2. Prepare ImageNet pre-trained encoders

    Select and download below checkpoints into [pretrain_models](pretrain_models):

    - [MobileNet-V2](https://download.pytorch.org/models/mobilenet_v2-b0353104.pth) (default encoder)
    - [MobileNet-V3](https://download.pytorch.org/models/mobilenet_v3_large-8738ca79.pth)
    - [ResNet-50](https://download.pytorch.org/models/resnet50-0676ba61.pth)
    - [ResNet-101](https://download.pytorch.org/models/resnet101-63fe2227.pth)
    - [ResNeSt-50](https://github.com/zhanghang1989/ResNeSt/releases/download/weights_step1/resnest50-528c19ca.pth)
    - [ResNeSt-101](https://github.com/zhanghang1989/ResNeSt/releases/download/weights_step1/resnest101-22405ba7.pth)
    - [Swin-Base](https://github.com/SwinTransformer/storage/releases/download/v1.0.0/swin_base_patch4_window7_224_22k.pth)

    The current default training configs are not optimized for encoders larger than ResNet-50. If you want to use larger encoders, we recommend early stopping the main-training stage at 80,000 iterations (100,000 in default) to avoid over-fitting on the seen classes of YouTube-VOS.



3. Training and Evaluation

    The [example script](train_eval.sh) will train AOTT with 2 stages using 4 GPUs and auto-mixed precision (`--amp`). The first stage is a pre-training stage using `Static` dataset, and the second stage is a main-training stage, which uses both `YouTube-VOS 2019 train` and `DAVIS-2017 train` for training, resulting in a model that can generalize to different domains (YouTube-VOS and DAVIS) and different frame rates (6fps, 24fps, and 30fps).

    Notably, you can use only the `YouTube-VOS 2019 train` split in the second stage by changing `pre_ytb_dav` to `pre_ytb`, which leads to better YouTube-VOS performance on unseen classes. Besides, if you don't want to do the first stage, you can start the training from stage `ytb`, but the performance will drop about 1~2% absolutely.

    After the training is finished (about 0.6 days for each stage with 4 Tesla V100 GPUs), the [example script](train_eval.sh) will evaluate the model on YouTube-VOS and DAVIS, and the results will be packed into Zip files.
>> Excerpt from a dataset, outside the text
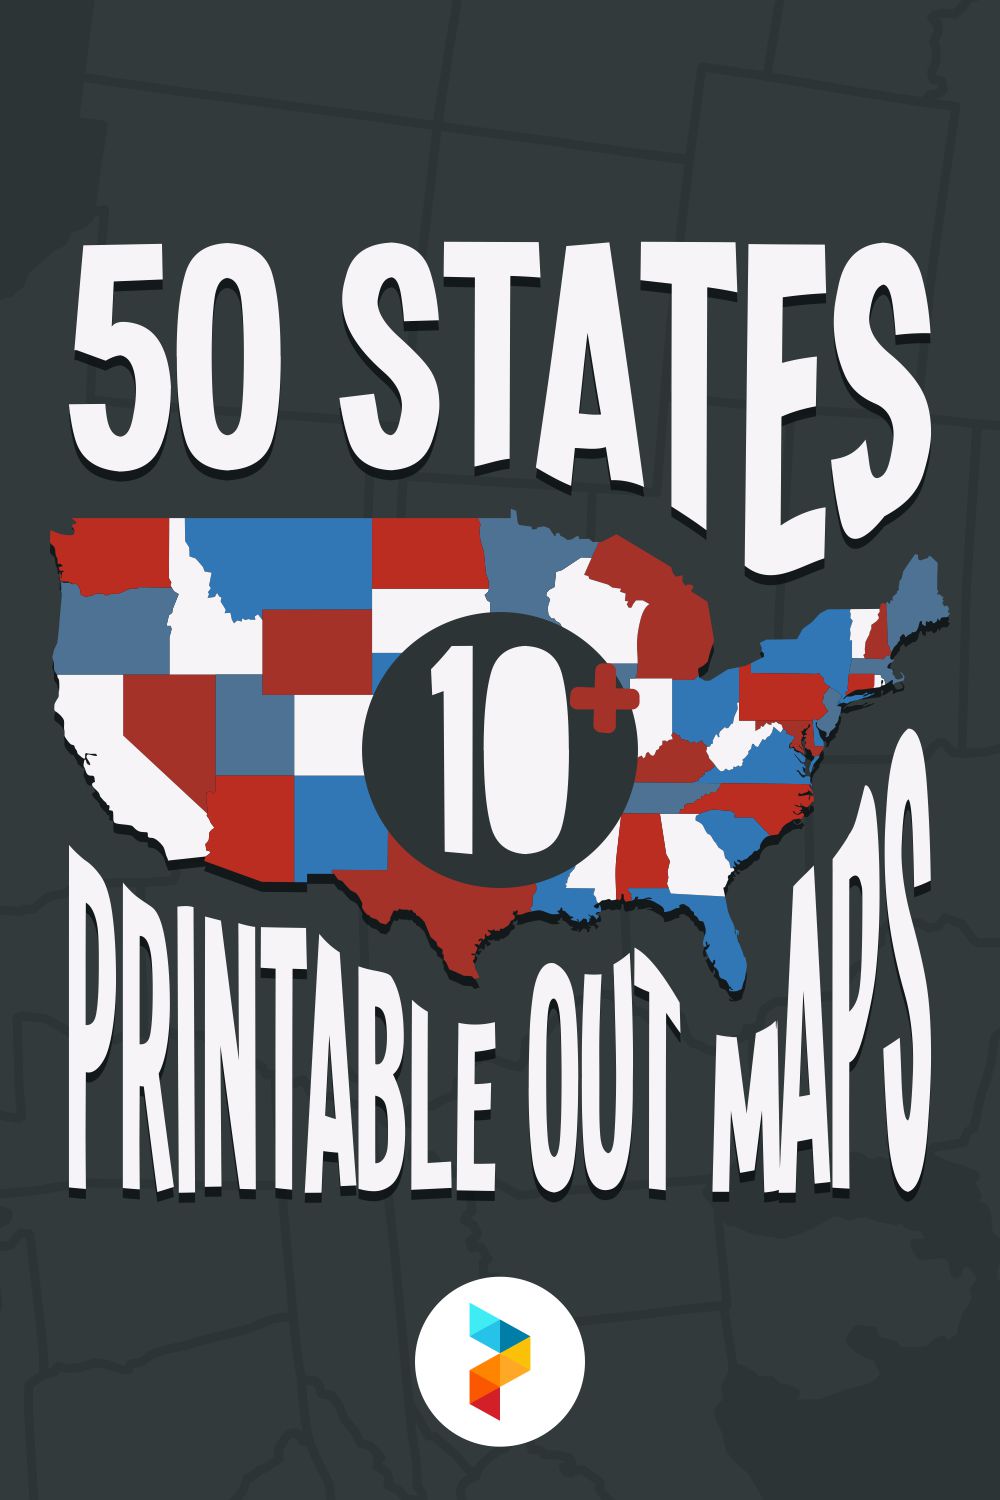 50 States Printable Out Maps

For calculating scores, please use official YouTube-VOS servers ([2018 server](https://competitions.codalab.org/competitions/19544) and [2019 server](https://competitions.codalab.org/competitions/20127)), official [DAVIS toolkit](https://github.com/davisvideochallenge/davis-2017) (for Val), and official [DAVIS server](https://competitions.codalab.org/competitions/20516#learn_the_details) (for Test-dev).
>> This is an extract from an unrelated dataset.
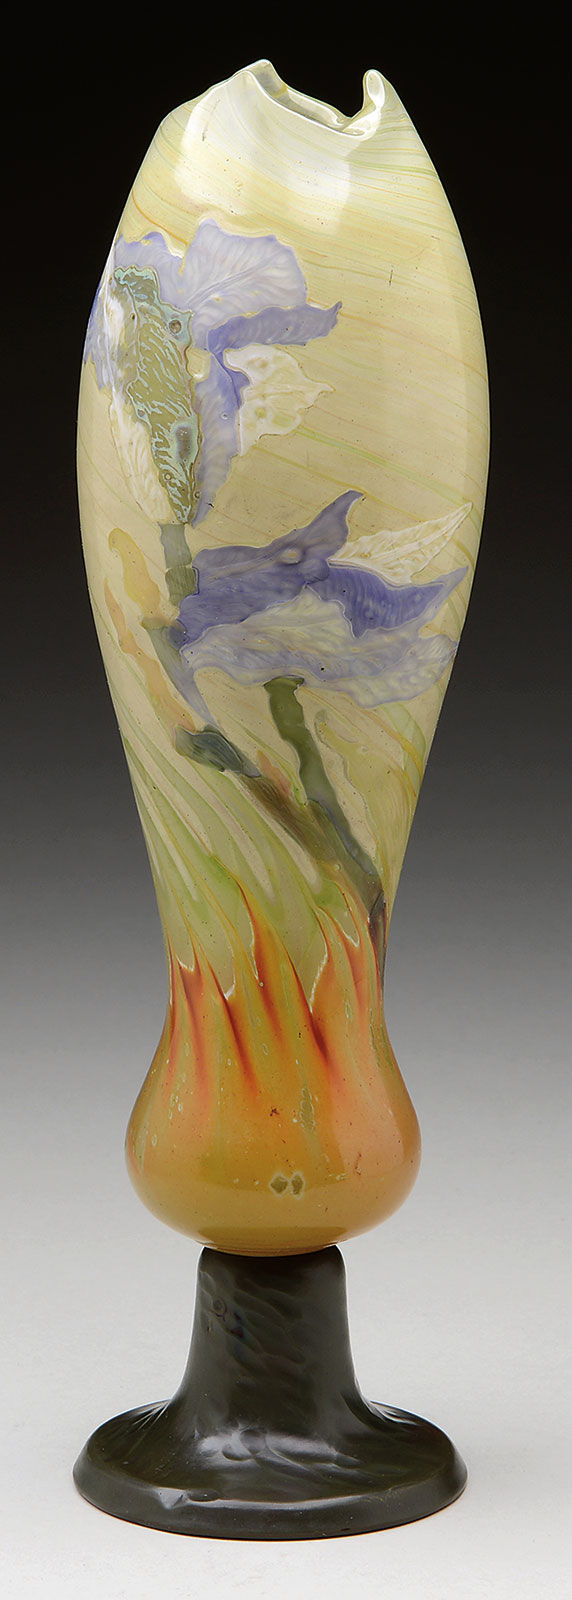 Galle Marquetry Vase From The Jackson Collection

## Adding your own dataset
Coming

## Troubleshooting
Waiting

## TODO
- [ ] Code documentation
- [ ] Adding your own dataset
- [ ] Results with test-time augmentations in Model Zoo
- [ ] Support gradient accumulation
- [x] Demo tool

## Citations
Please consider citing the related paper(s) in your publications if it helps your research.
```
@article{yang2021aost,
  title={Scalable Video Object Segmentation with Identification Mechanism},
  author={Yang, Zongxin and Miao, Jiaxu and Wei, Yunchao and Wang, Wenguan and Wang, Xiaohan and Yang, Yi},
  journal={TPAMI},
  year={2024}
}
@inproceedings{xu2023video,
  title={Video object segmentation in panoptic wild scenes},
  author={Xu, Yuanyou and Yang, Zongxin and Yang, Yi},
  booktitle={IJCAI},
  year={2023}
}
@inproceedings{yang2022deaot,
  title={Decoupling Features in Hierarchical Propagation for Video Object Segmentation},
  author={Yang, Zongxin and Yang, Yi},
  booktitle={Advances in Neural Information Processing Systems (NeurIPS)},
  year={2022}
}
@inproceedings{yang2021aot,
  title={Associating Objects with Transformers for Video Object Segmentation},
  author={Yang, Zongxin and Wei, Yunchao and Yang, Yi},
  booktitle={Advances in Neural Information Processing Systems (NeurIPS)},
  year={2021}
}
```

## License
This project is released under the BSD-3-Clause license. See [LICENSE](LICENSE) for additional details.